TL;DR
is applied when building the forward graph, not when
backward () is executed. --However, since the movement is not very intuitive, it is better not to change ʻenable_backprop
many times in the graph.train
does not include ʻenable_backprop in
chainer.configuration. --The standard library
chainer.extensions.Evaluatorwill set these appropriately so you can rest assured. --When writing something like your own
chainer.extensions.Evaluator, change both
configurations`At last I tried to raise Chainer and Oreore helper library to v2 with a heavy waist, but I also noted that the behavior of ʻenable_backprop` became noticeable.
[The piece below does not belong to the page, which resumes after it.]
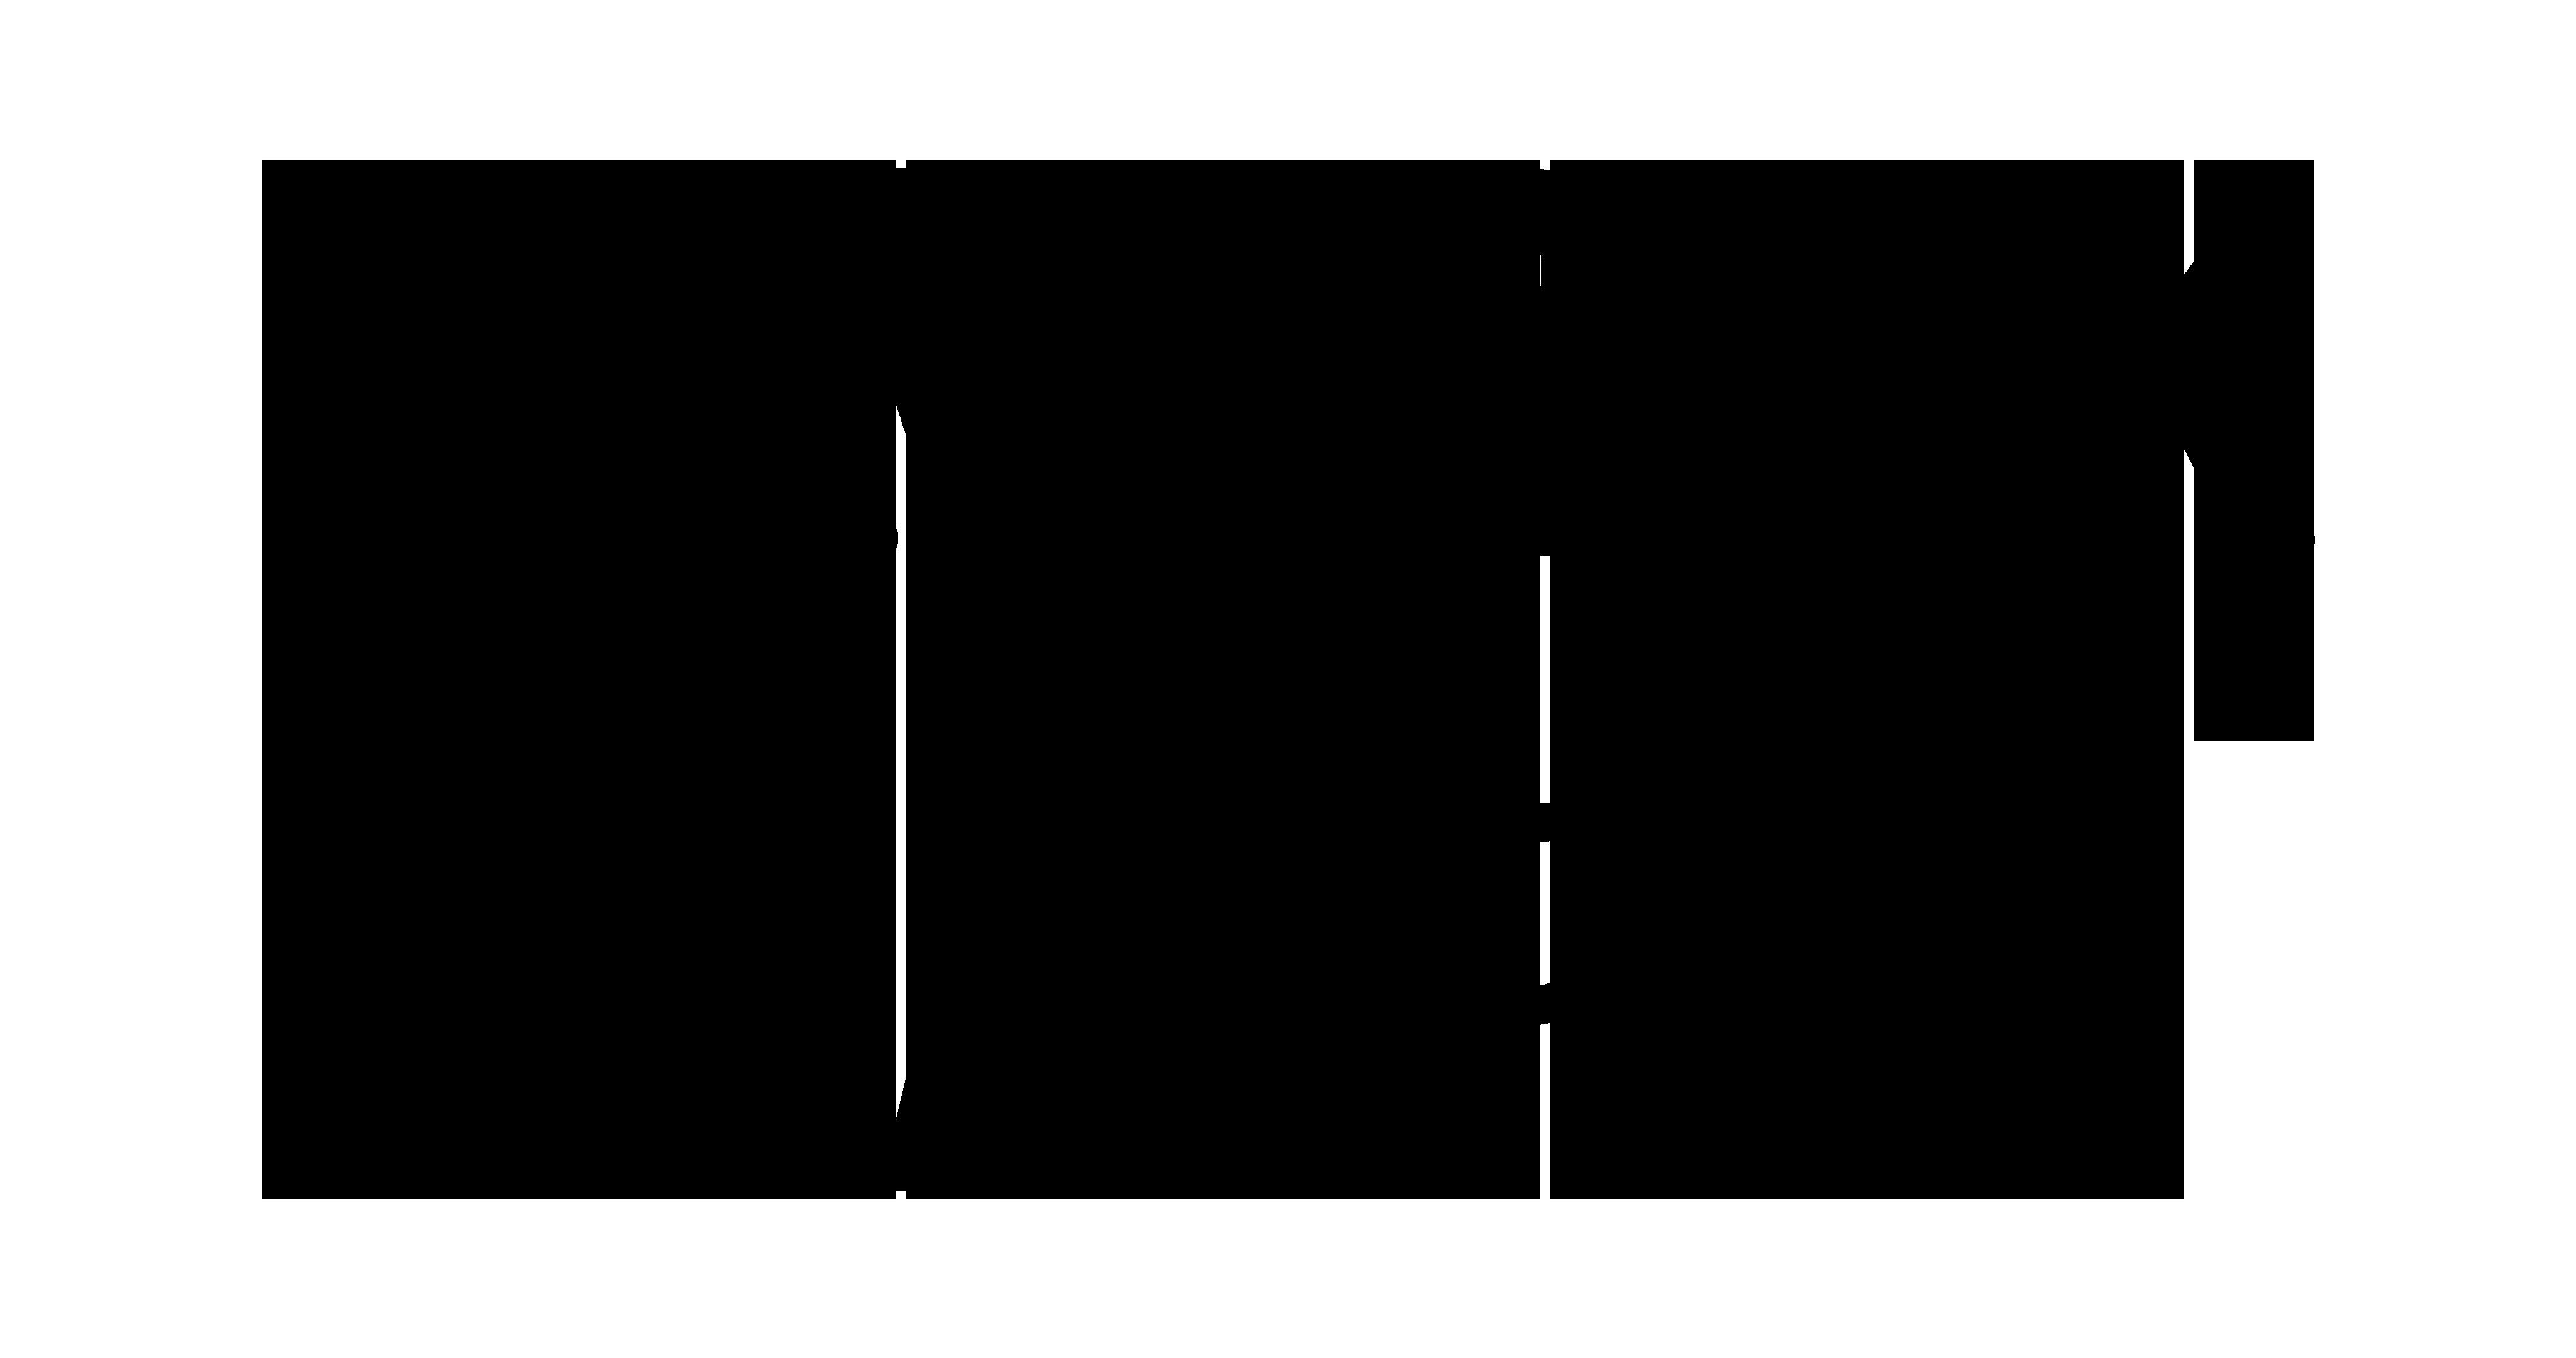 Maverick Sabre

In particular, consider the following questions.
changes in the middle of the graph? Is it possible to do something like
.unchain_backward ()`?train
is set to False, will ʻenable_backprop` also be automatically set to False?chainer.extensions.Evaluator
?By the way, this post is as of v2.0.0.
In the implementation using contextmanager, I am very curious about what happens if ʻenable_backpropchanges in the middle of the graph. If
no_backprop_mode has an effect when
backward ()is executed, and
no_backprop_mode is used at the time of forward calculation, but the backward calculation is forgotten to be enclosed in
no_backprop_mode`, so the accuracy is abnormally good. I'm in trouble [^ 1].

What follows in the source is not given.